**What to produce**
Write out the data again exactly, skipping every picture.

**Data shown**
- - - - - - -
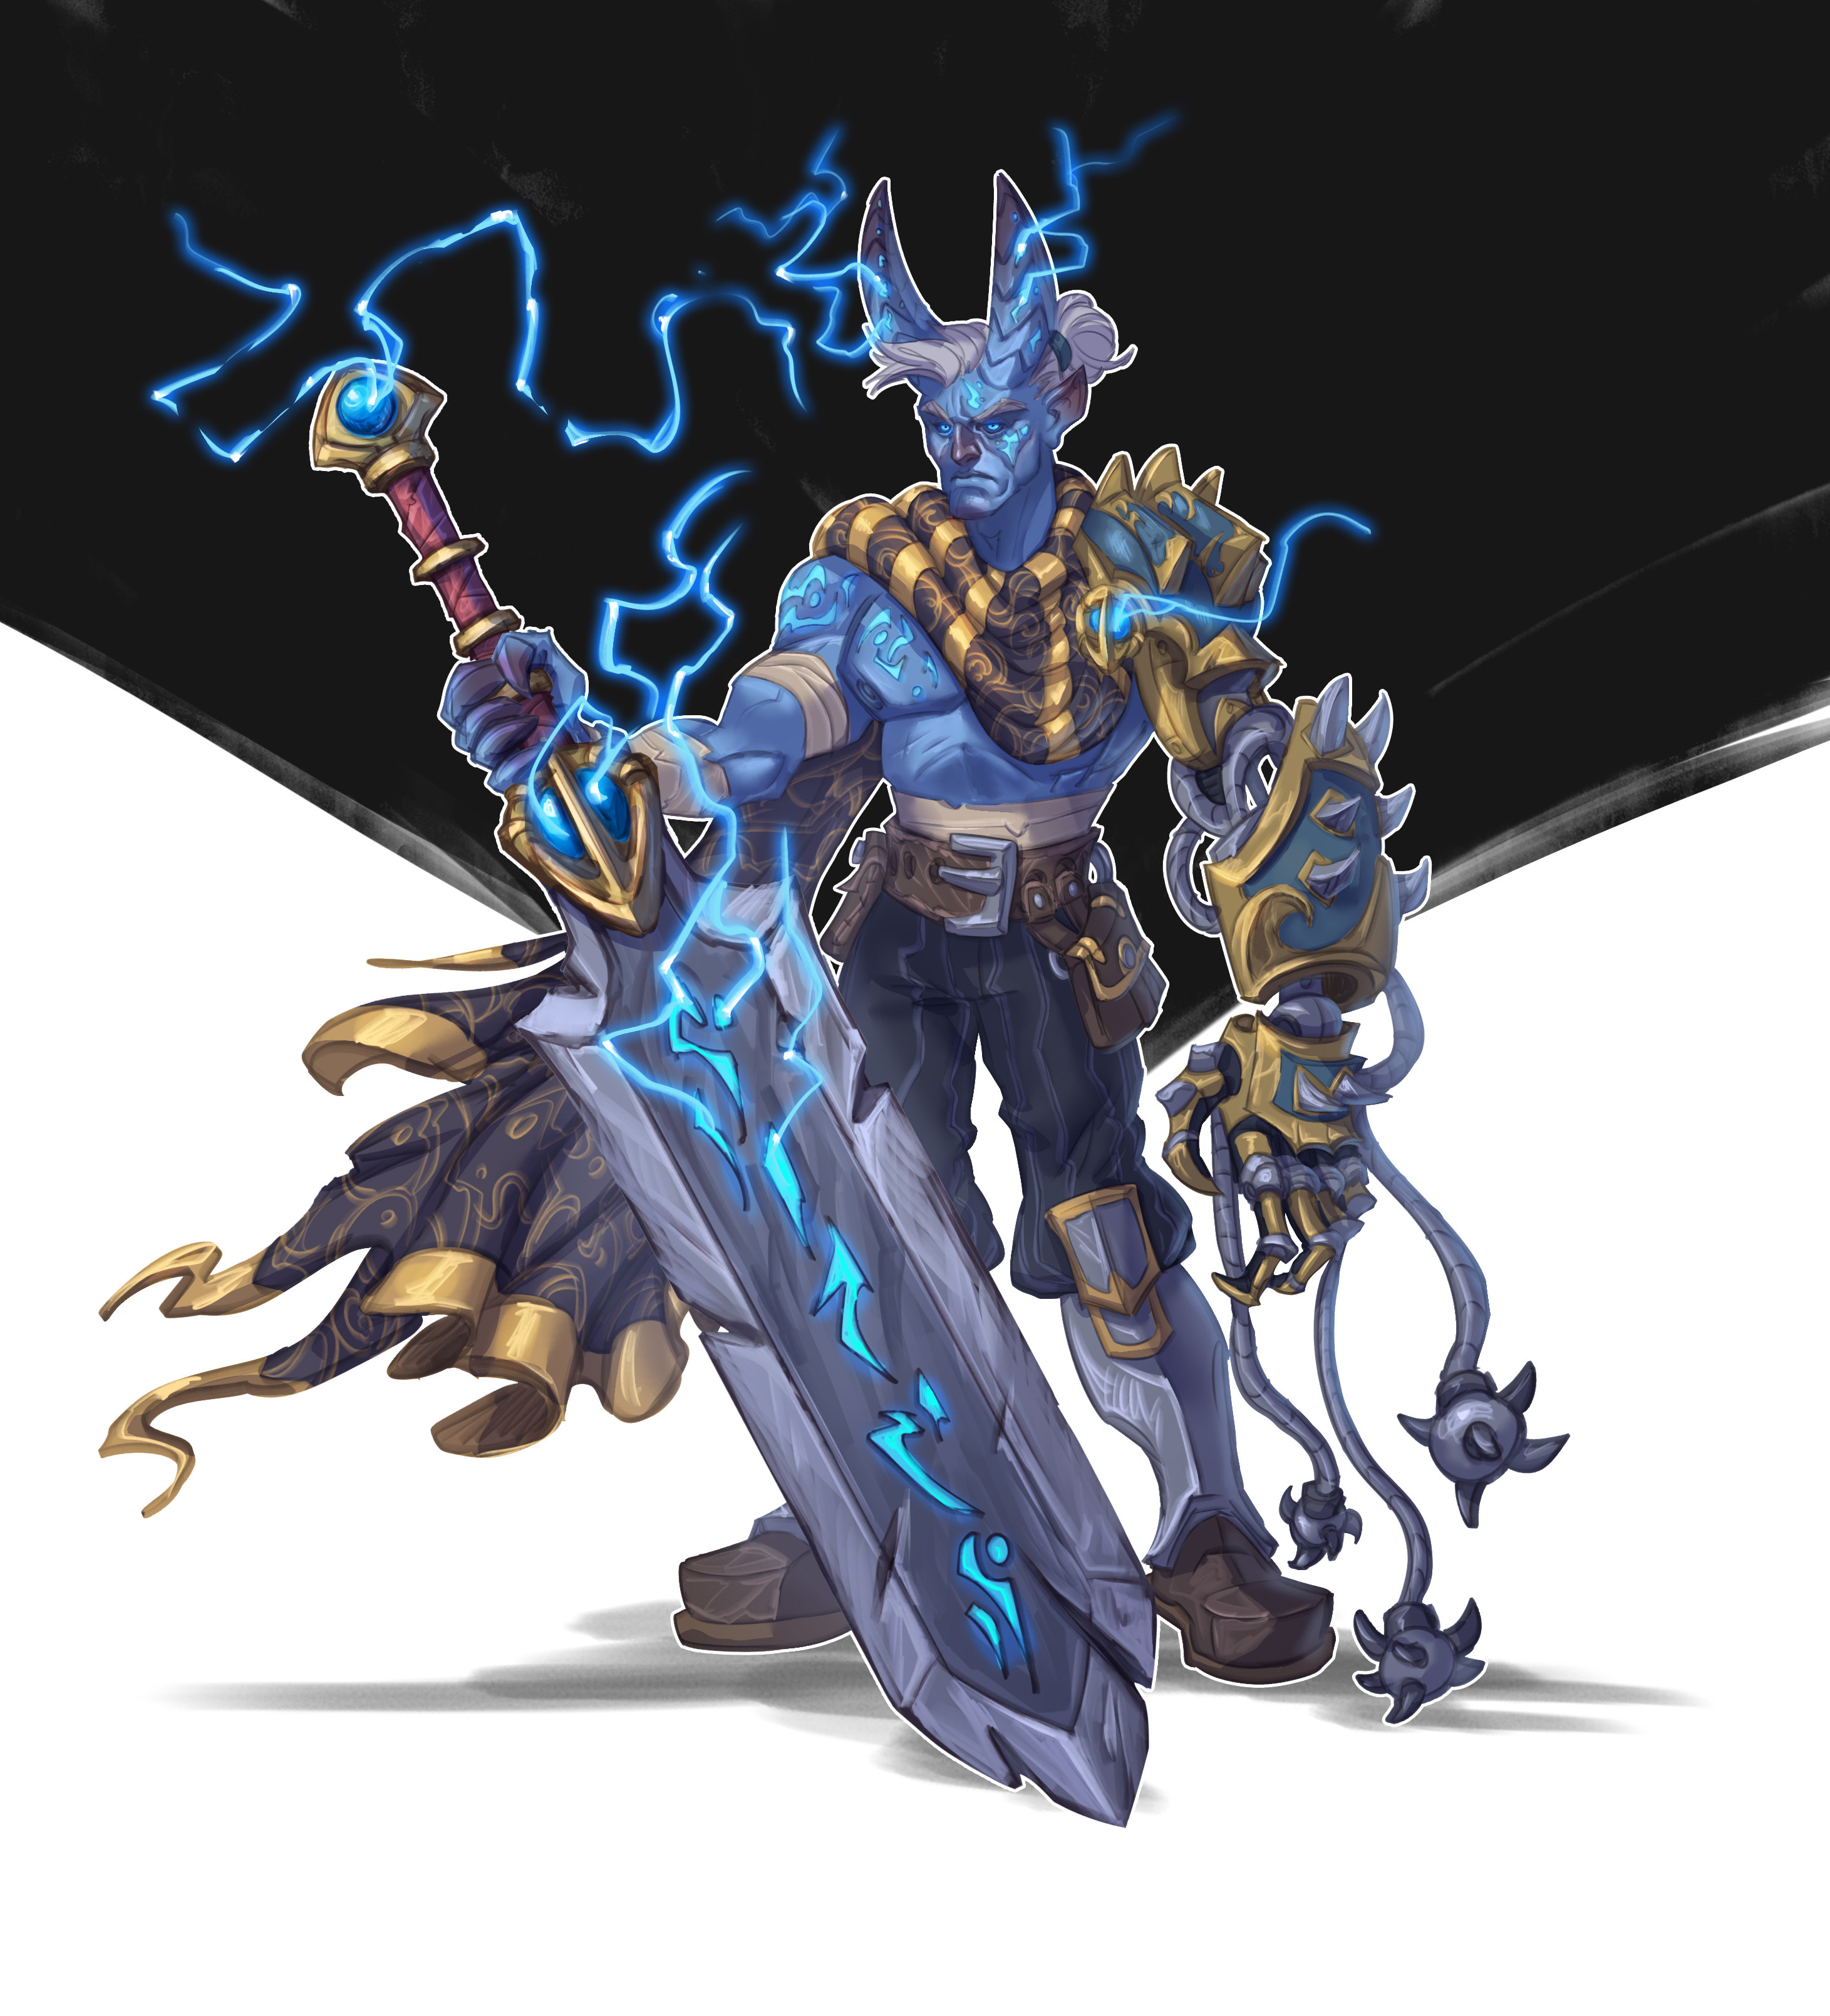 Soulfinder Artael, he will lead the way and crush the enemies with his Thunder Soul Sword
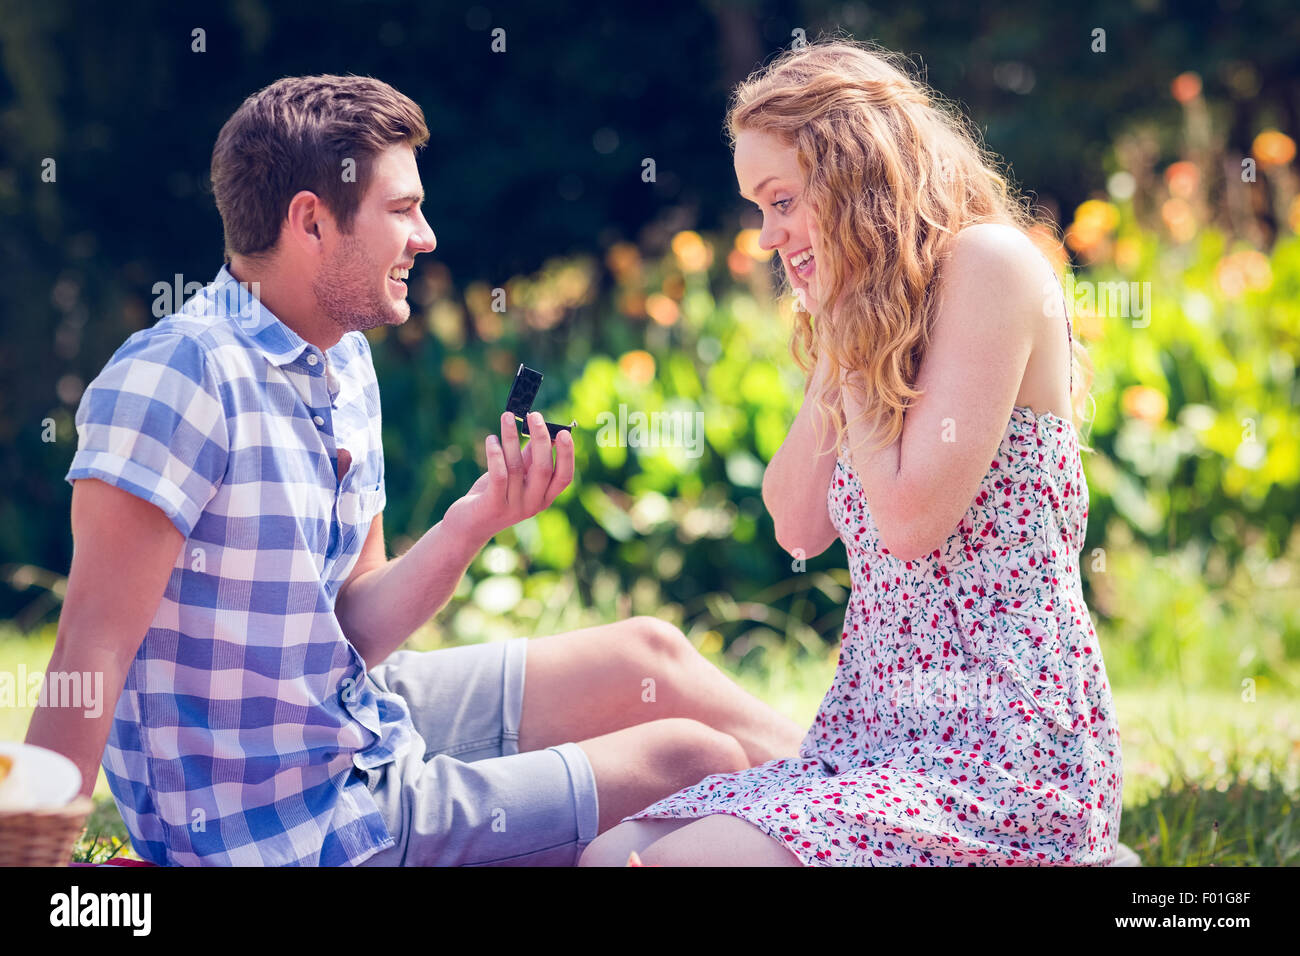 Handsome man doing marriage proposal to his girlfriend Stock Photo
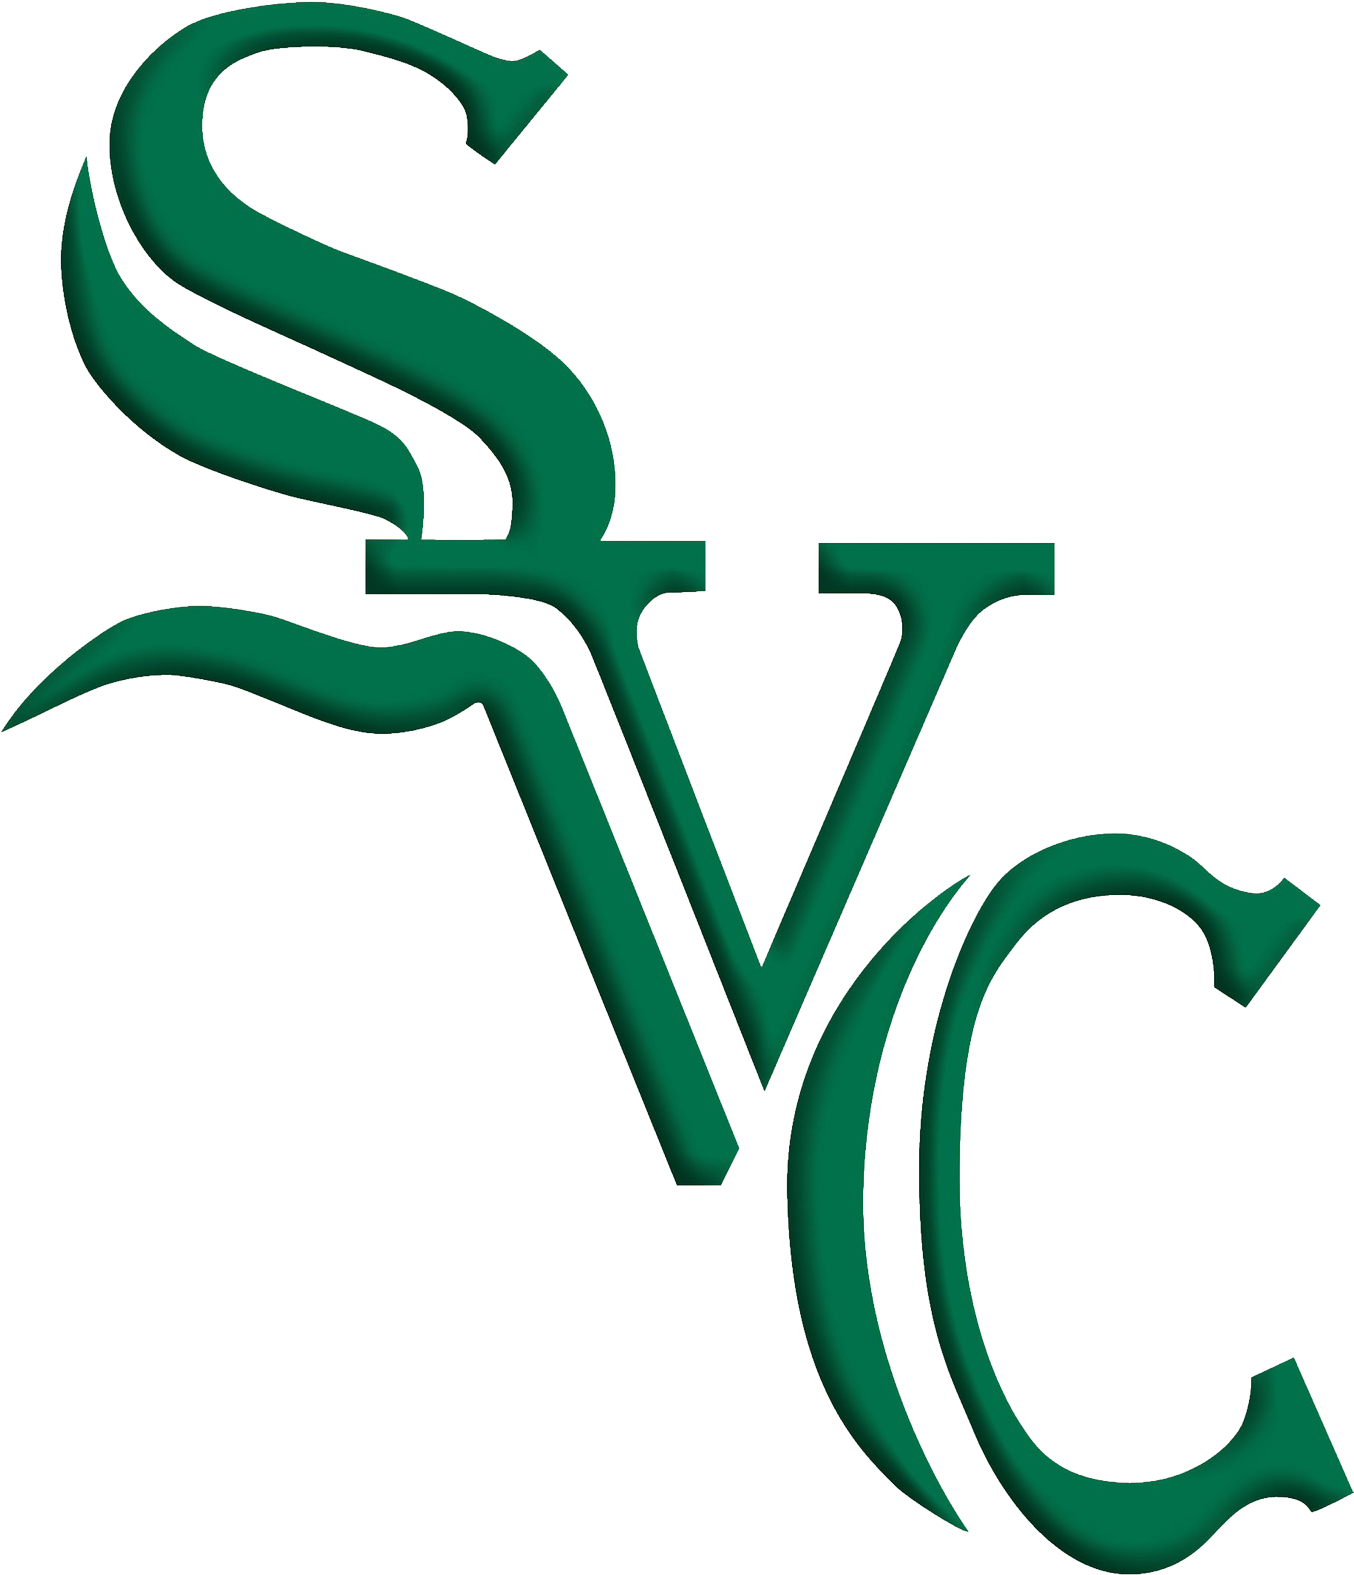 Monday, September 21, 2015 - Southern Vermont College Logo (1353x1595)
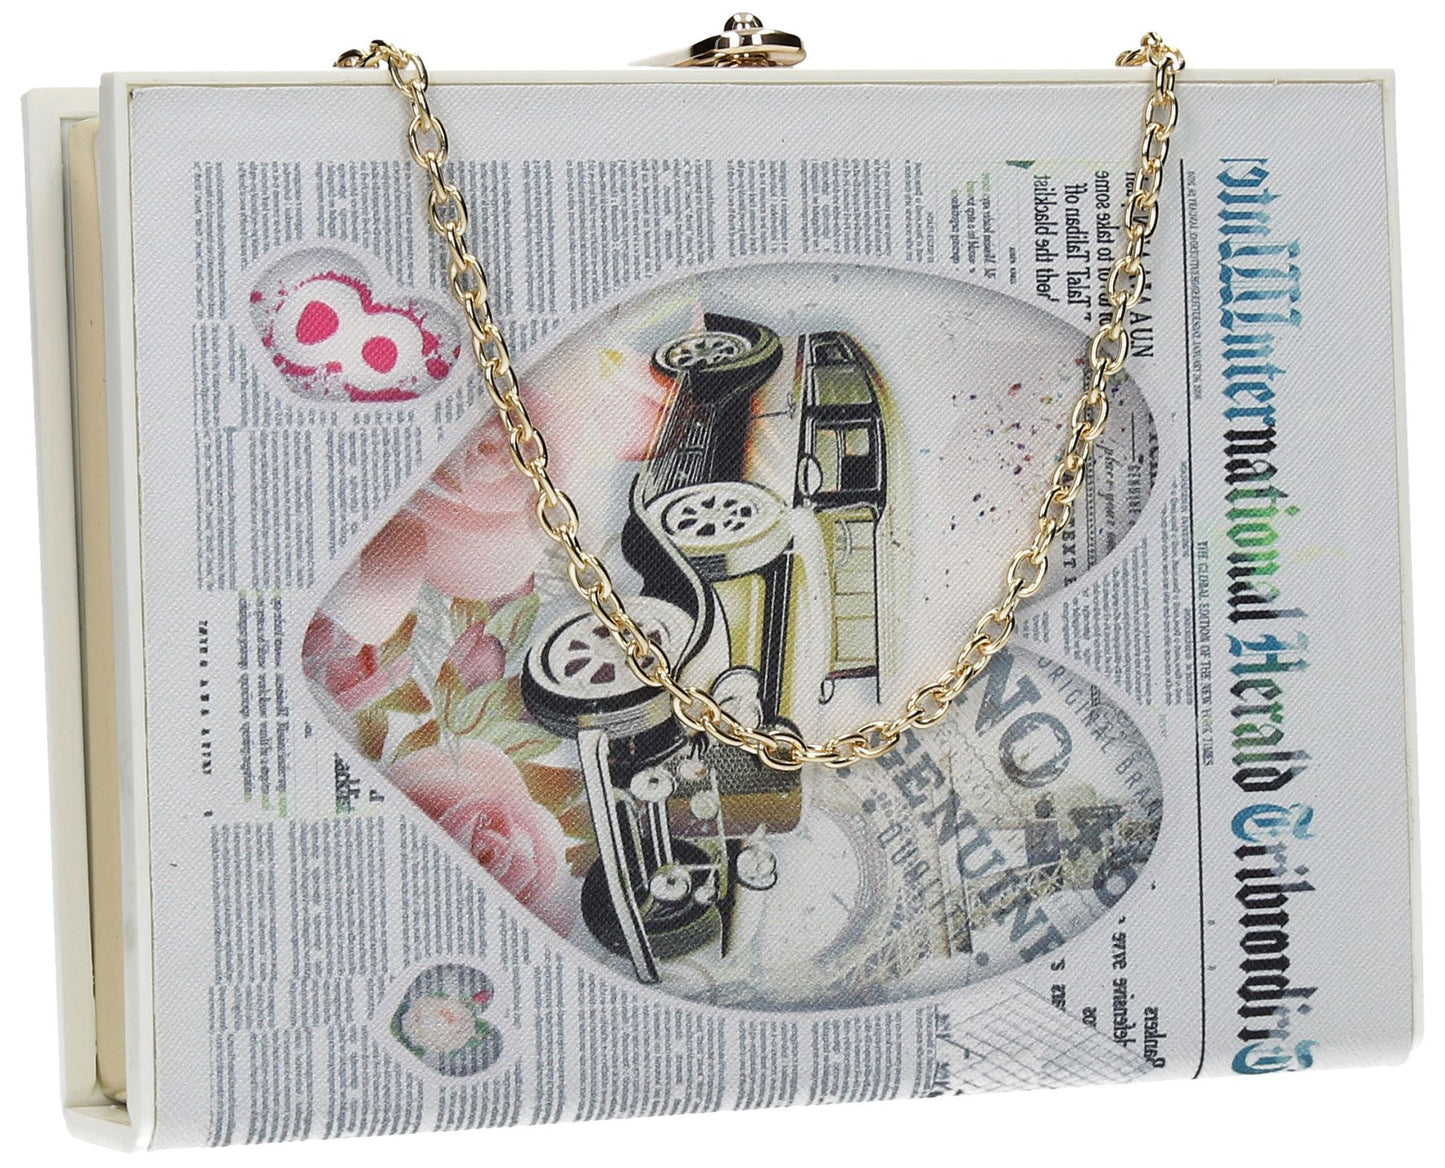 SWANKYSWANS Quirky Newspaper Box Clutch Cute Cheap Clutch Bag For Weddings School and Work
- - - - - - -
**Task solution**
 Soulfinder Artael, he will lead the way and crush the enemies with his Thunder Soul Sword
 Handsome man doing marriage proposal to his girlfriend Stock Photo
 Monday, September 21, 2015 - Southern Vermont College Logo (1353x1595)
 SWANKYSWANS Quirky Newspaper Box Clutch Cute Cheap Clutch Bag For Weddings School and Work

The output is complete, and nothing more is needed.